Studio album by Trio 3 + Geri Allen
- Released: 2009
- Recorded: August 29–30, 2008
- Studio: Peter Karl, Brooklyn
- Genre: Jazz
- Length: 60:51
- Label: Intakt

Trio 3 chronology
| Berne Concert (2009) | At This Time (2009) | Celebrating Mary Lou Williams–Live at Birdland New York (2011) |

= At This Time (Trio 3 album) =

At This Time is an album by Trio 3, a jazz group consisting of saxophonist Oliver Lake, bassist Reggie Workman and drummer Andrew Cyrille, with guest pianist Geri Allen. It was recorded in 2008 and released by Intakt Records.

==Background==
Before this recording Geri Allen collaborated with each member of Trio 3. Since first moving to New York from Detroit, she performed as a member of Lake's ensembles throughout the '80s.

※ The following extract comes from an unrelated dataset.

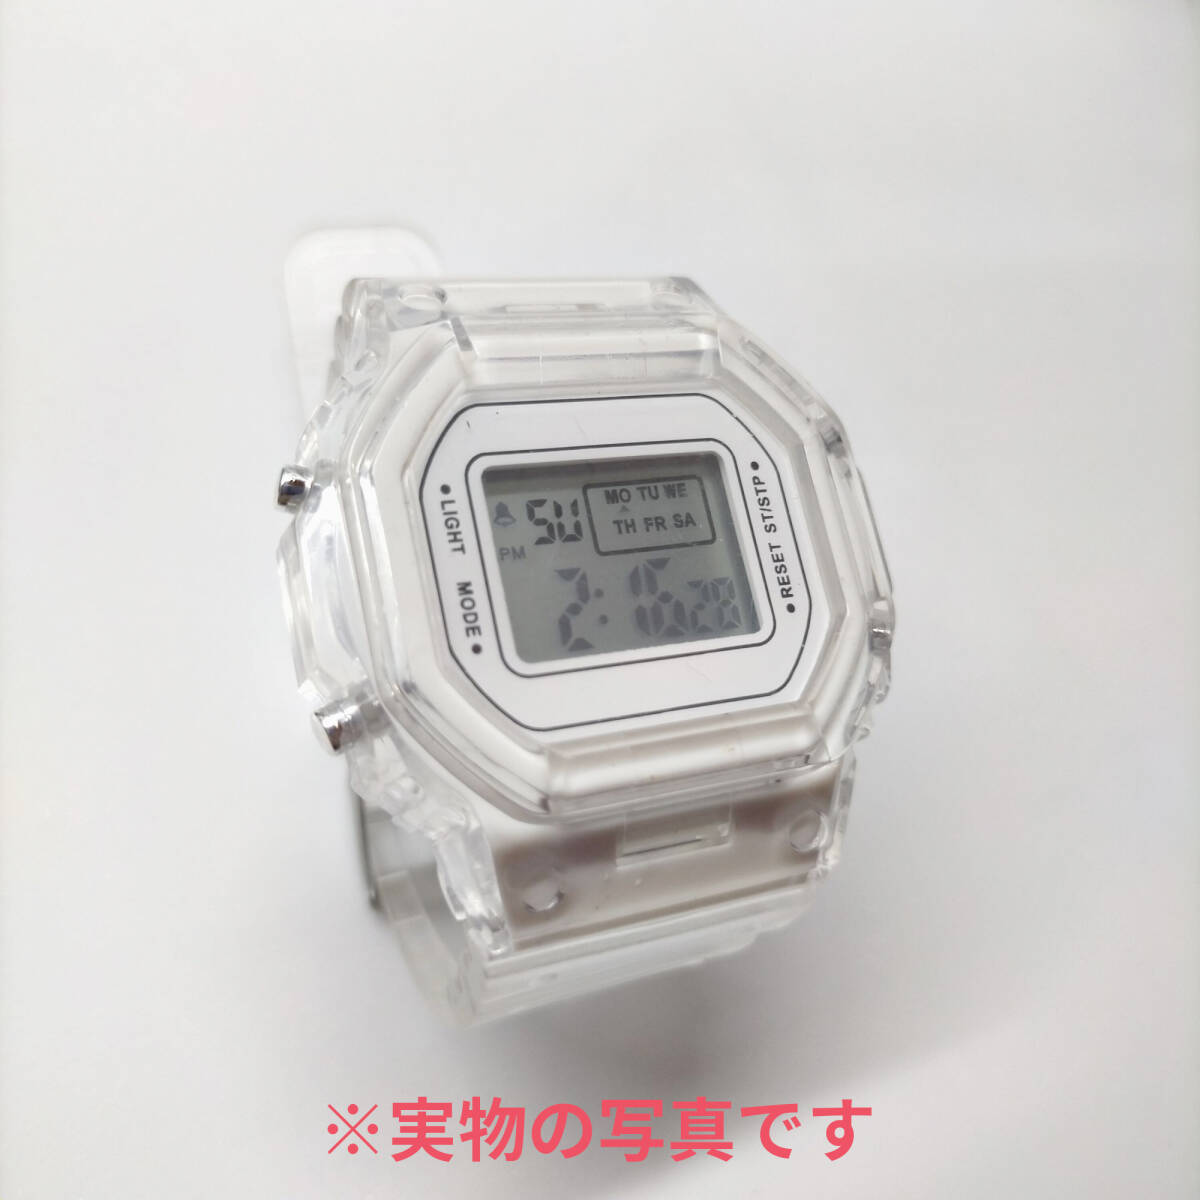 スケルトン防水軽量シンプルデザイン スポーツウォッチ デジタル腕時計レディース くすみカラー ホワイト白 (G-shockではありません)の画像2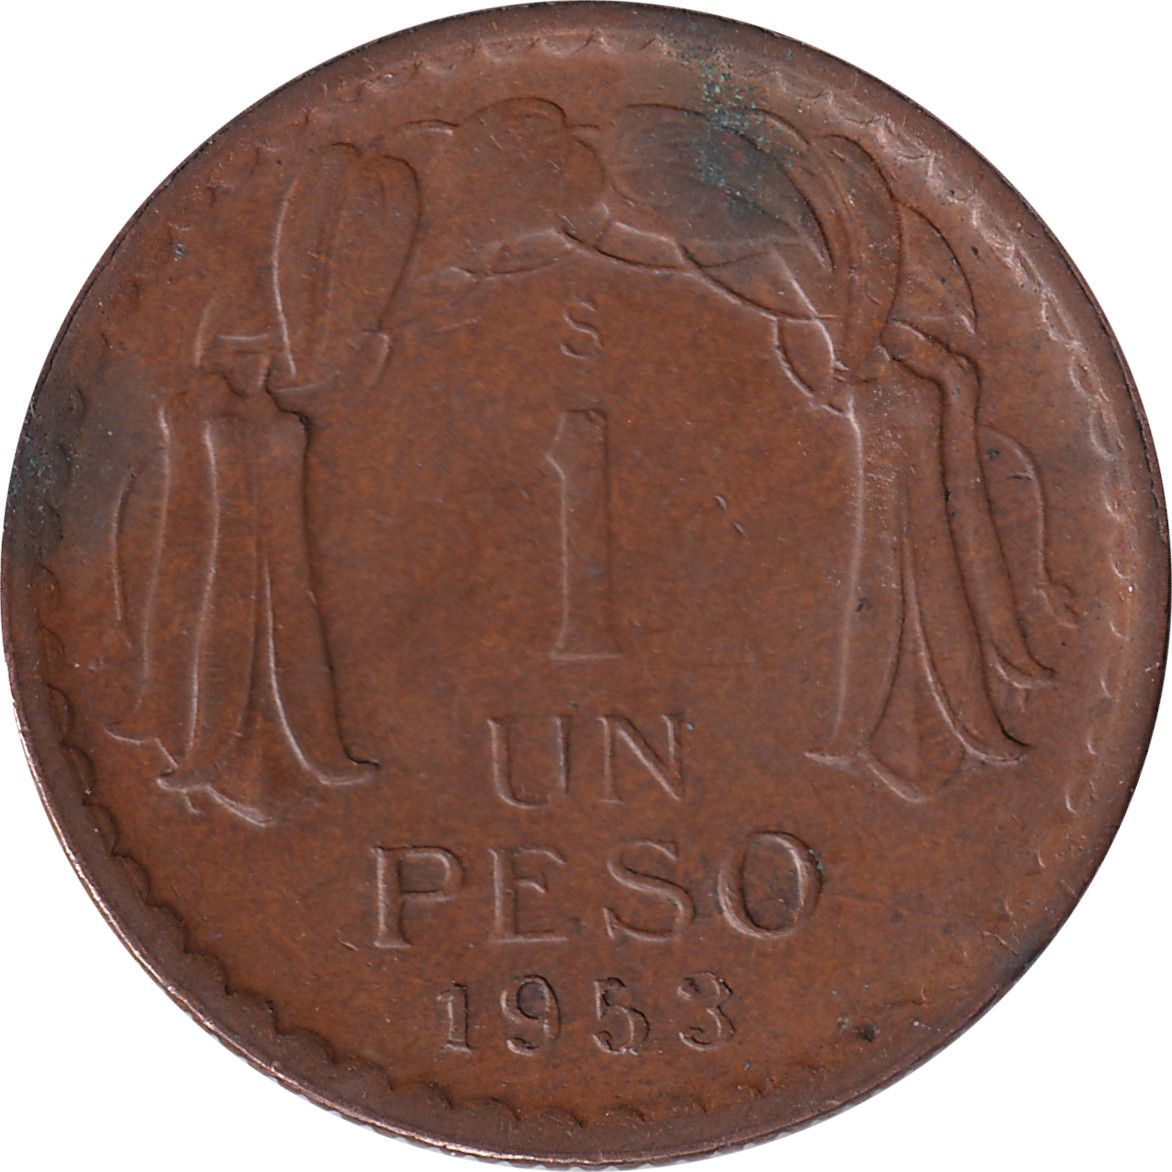 1 peso - Chaucha - Bronze

Cyrille played on Allen's 1984 debut recording as leader The Printmakers. Workman featured Allen on his 1995 recording Cerebral Caverns.

==Reception==

The Down Beat review by Peter Margasak states "Allen has worked with all three members, so she fits right in on a typically sharp, probing program that dissolves lines between post-bop and free jazz."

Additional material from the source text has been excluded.